Thursday, August 11, 2016

NIRI urges SEC to focus on materiality of business and financial disclosure

By Jacquelyn Lumb

The National Investor Relations Institute urged the SEC to keep in mind Congress’s intent that disclosure reform of Regulation S-K should focus on the reduction of costs and burdens on issuers while still providing all material information. NIRI, which represents corporate officers and investor relations consultants, advised that many investors and issuers have complained that disclosure overload has become worse due to new disclosure mandates imposed by Congress. Some of these new reporting requirements have cost millions of dollars to implement while providing non-material information to investors. Fear of shareholder litigation also leads many companies to include generic or boilerplate risk factors, according to NIRI, and it remains in their filings for years. NIRI asked the SEC to consider the voluntary disclosure improvement efforts underway in response to investor demands before mandating any new disclosures.

Voluntary disclosures. Many companies no longer rely solely on their Exchange Act reports to provide information to analysts and investors. In addition to investor day events, non-deal roadshows, and industry conferences, NIRI noted that many companies have created websites to provide information about their operations, financial metrics, stock performance, and earnings guidance. Investor relations professionals seek feedback from investors, analysts and other stakeholders in order to refine their websites and presentations, according to NIRI.

Materiality. In NIRI’s view, the SEC should avoid any new market-wide disclosure requirements that do not meet the materiality standard outlined in the Supreme Court’s TSC Industries v. Northway decision. NIRI quoted Commissioner Michael Piwowar’s remark that this materiality standard is an objective legal standard rather than a subjective political one. The “reasonable investor” standard is well known and flexible enough to allow the SEC to provide new guidance as investor priorities change, according to NIRI, and it should continue to guide the SEC’s materiality determinations.

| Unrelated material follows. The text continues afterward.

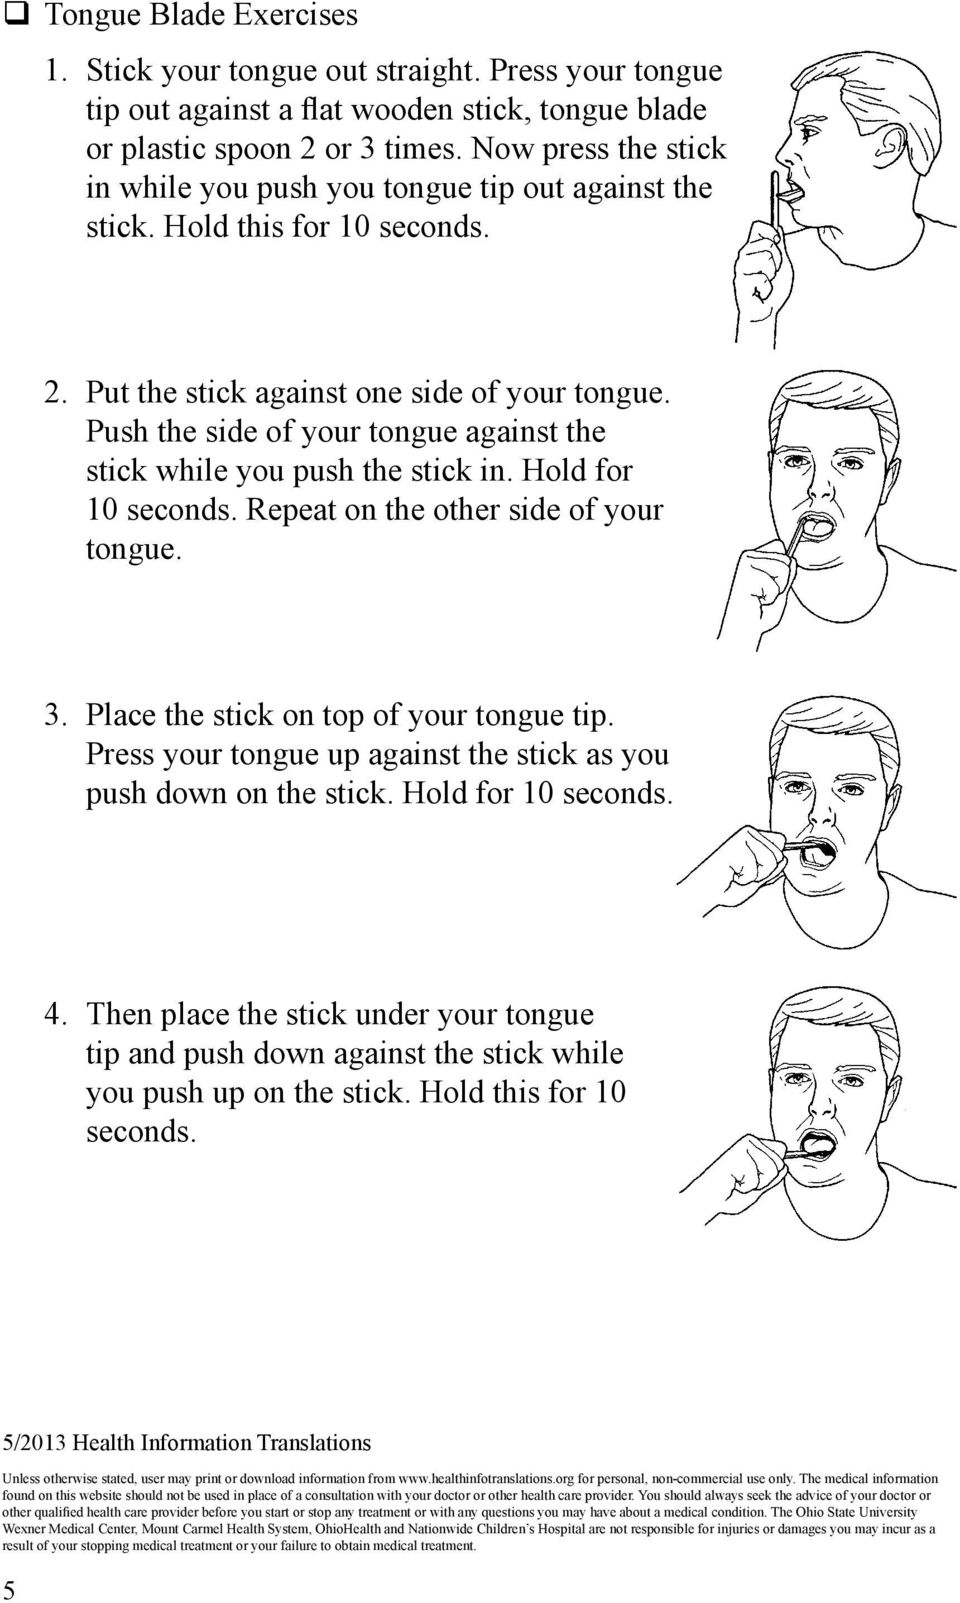 Push the side of your tongue against the stick while you push the stick in. Hold for 10 seconds. Repeat on the other side of your tongue. 3. Place the stick on top of your tongue tip.
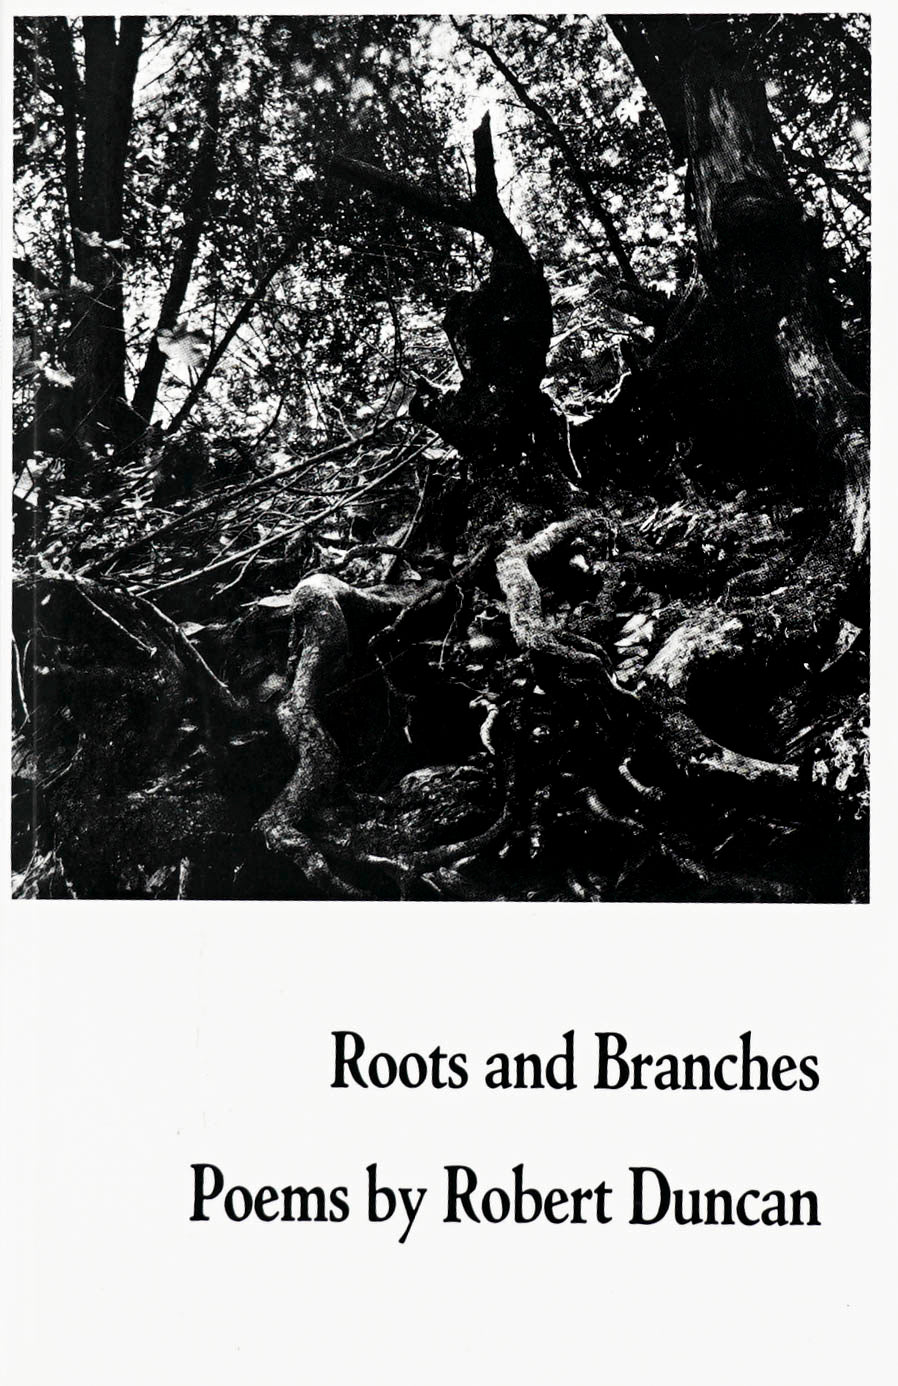 Roots and branches photographed in black and white with the words Roots and Branches Poems by Robert Duncan in black serif type

Company profiles. NIRI supports recommendations by Davis Polk and other commenters that the SEC should allow companies to create online business profiles for information that is unlikely to change from quarter to quarter, and provide annual updates. Companies then could provide shorter periodic reports that would focus on recent financial results, material changes to risk factors, and other new developments. This approach would allow for the elimination of Item 101(a), which requires a description of the general development of an issuer’s business over the past five years, NIRI explained.

Additional disclosure on the impact of environmental regulation should not be required since many companies already disclose pertinent information outside of their SEC reporting and they should retain that flexibility, NIRI wrote.

NIRI also urged the SEC to make clear that companies need only disclose industry and company-specific risks, with a safe harbor for the failure to disclose common risks. The SEC should eliminate the duplication of risk factors within periodic filings.

There is no consensus with respect to changing the quarterly frequency of financial reporting but NIRI said that most of its members do not favor a change in the rules, and believe the need for quarterly information may be greater for small or emerging issuers.

Use of technology. NIRI encouraged flexibility in issuers’ use of technology to improve the readability and navigability of their disclosures, including the use of cross references, incorporation by reference, and hyperlinks to reduce duplication and disclosure overload. The SEC should resist calls for an expansion of XBRL reporting requirements, in NIRI’s view, until it examines whether a significant number of investors use XBRL and whether the benefits outweigh the compliance costs.

NIRI listed a number of specific disclosure requirements that should be removed because they are duplicative or have become outdated, including the number of equity holders under Item 201(b)(1), supplemental financial information in Item 302, and the use of proceeds from registered securities in Item 701(f).